STORED DATA Block Start

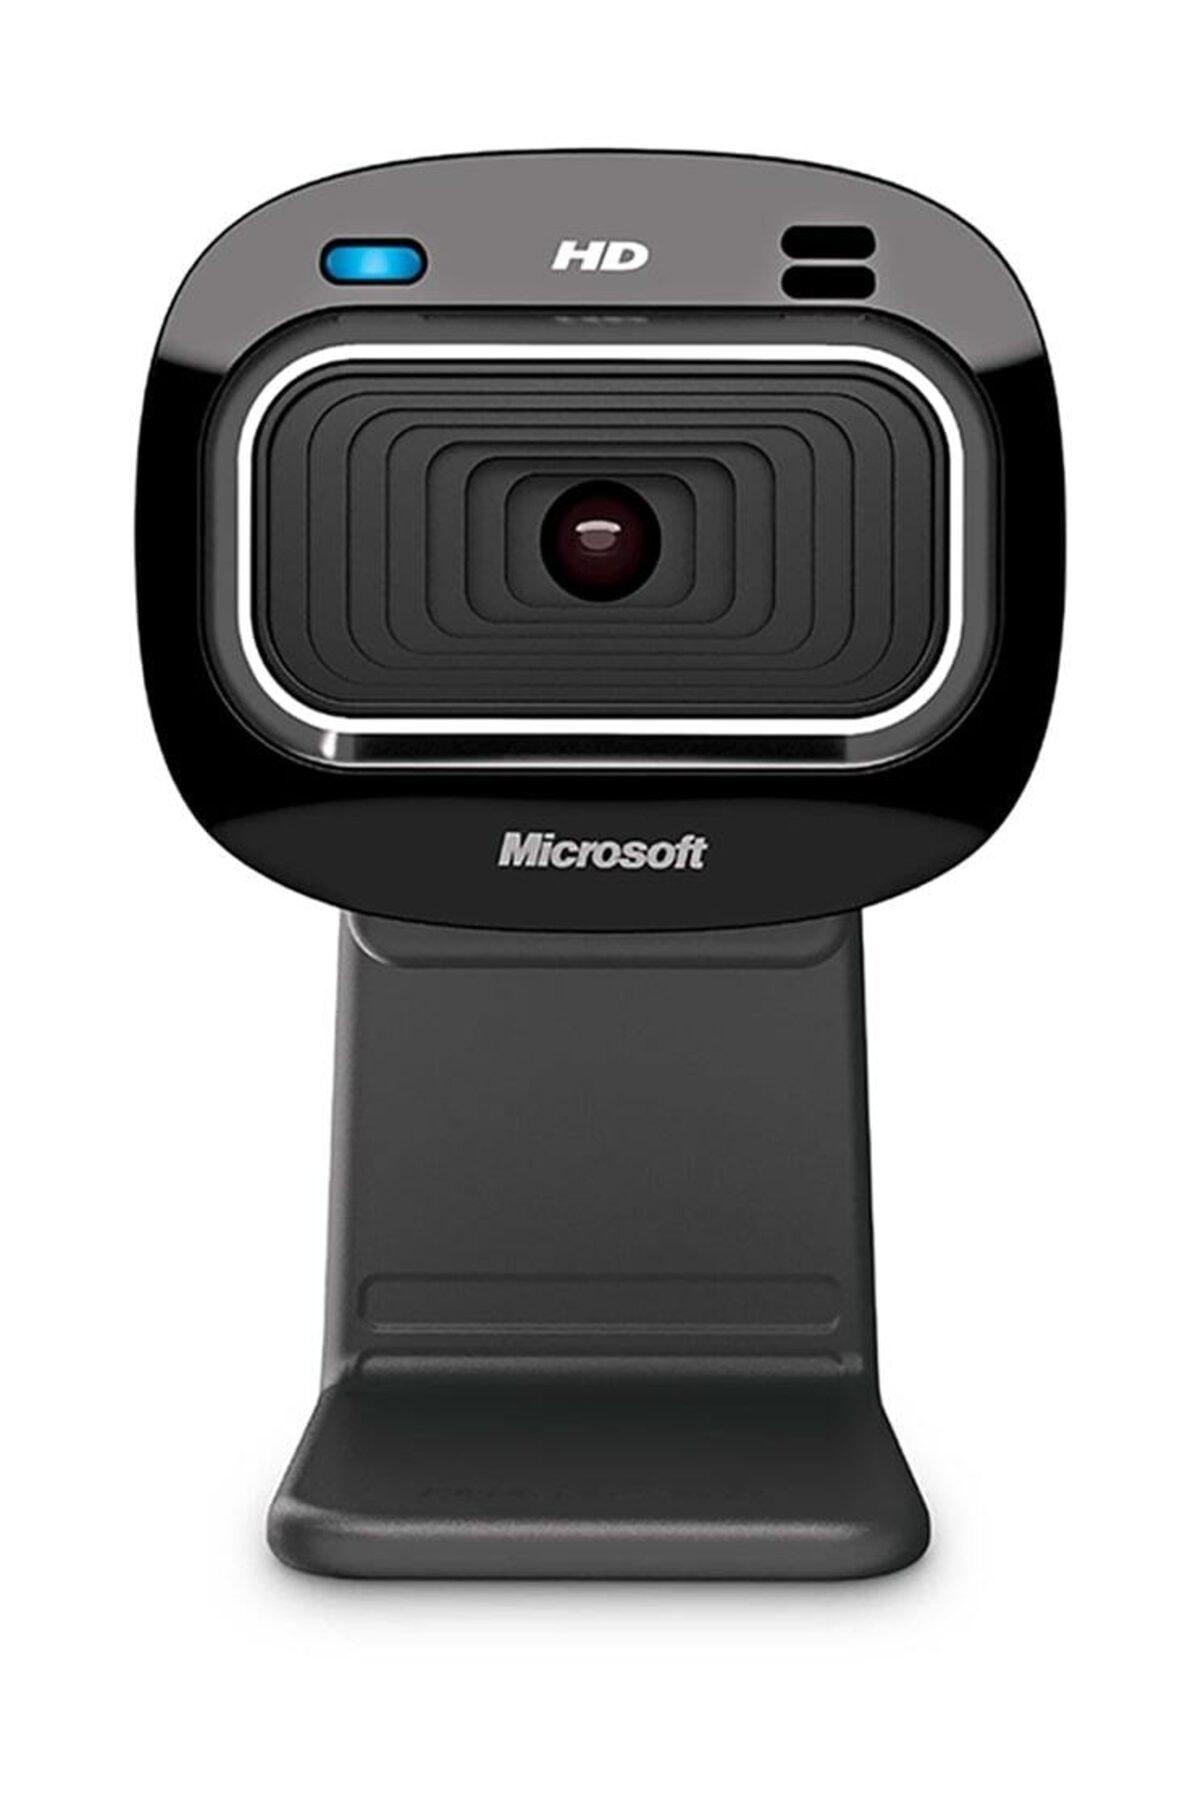 MICROSOFT Lifecam Hd-3000 720p Webcam (T4h-00004) 2
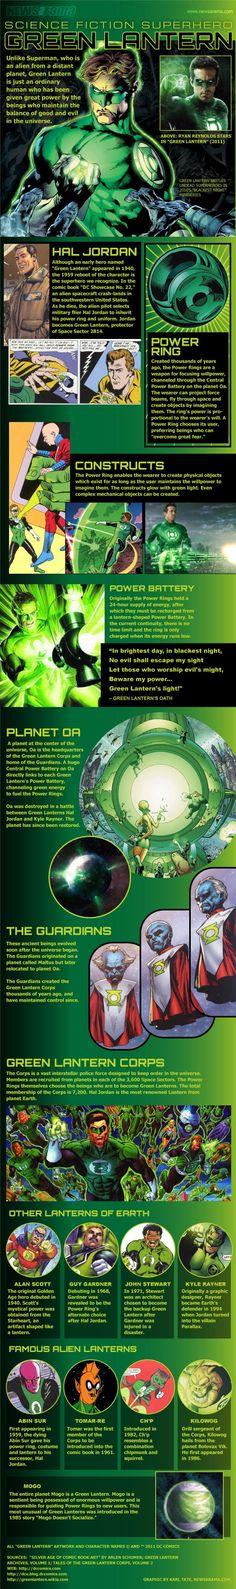 Green Lantern via : 20 Super Infographics About Superheroes | Visual.ly Blog
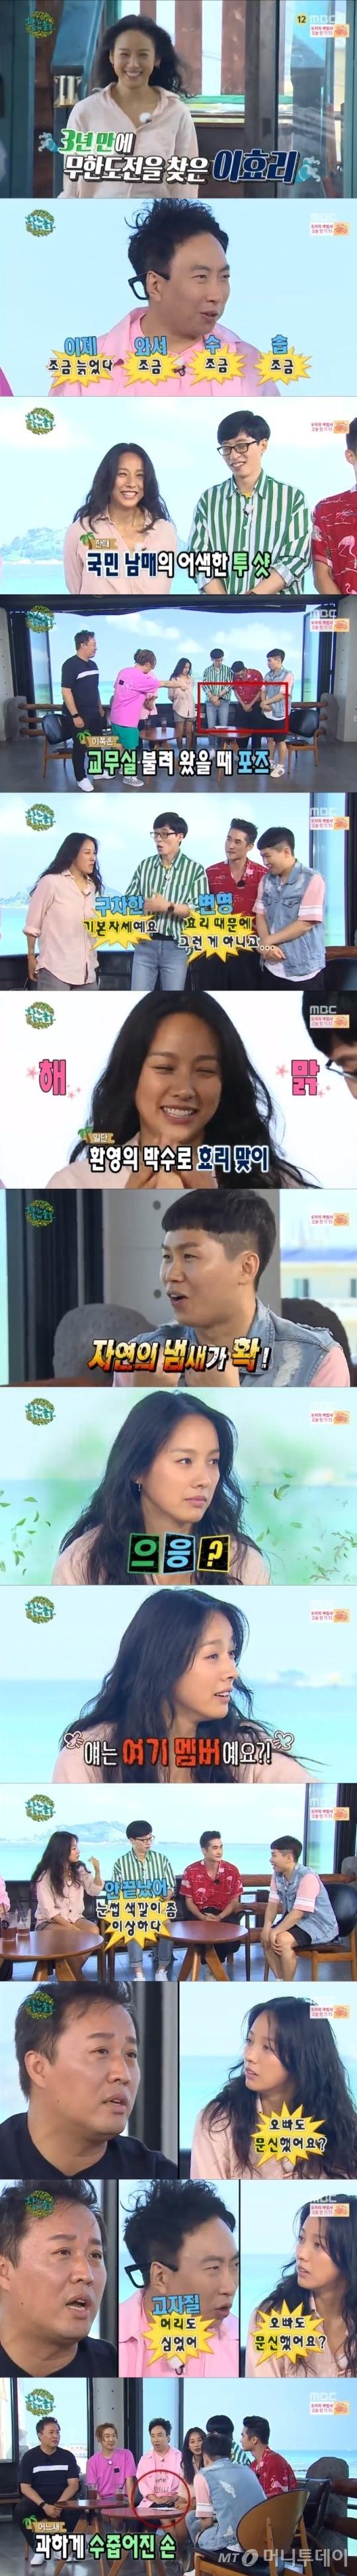 MBC '무한도전' 방송 캡처.

STORED DATA Block End

_WORK REQUEST_:
Set out nothing but the lines from the line with "Green Lantern via" through the end of the material, reproduced exactly, both ends included, pictures omitted.

_THE ANSWER_:
 Green Lantern via : 20 Super Infographics About Superheroes | Visual.ly Blog
 MBC '무한도전' 방송 캡처.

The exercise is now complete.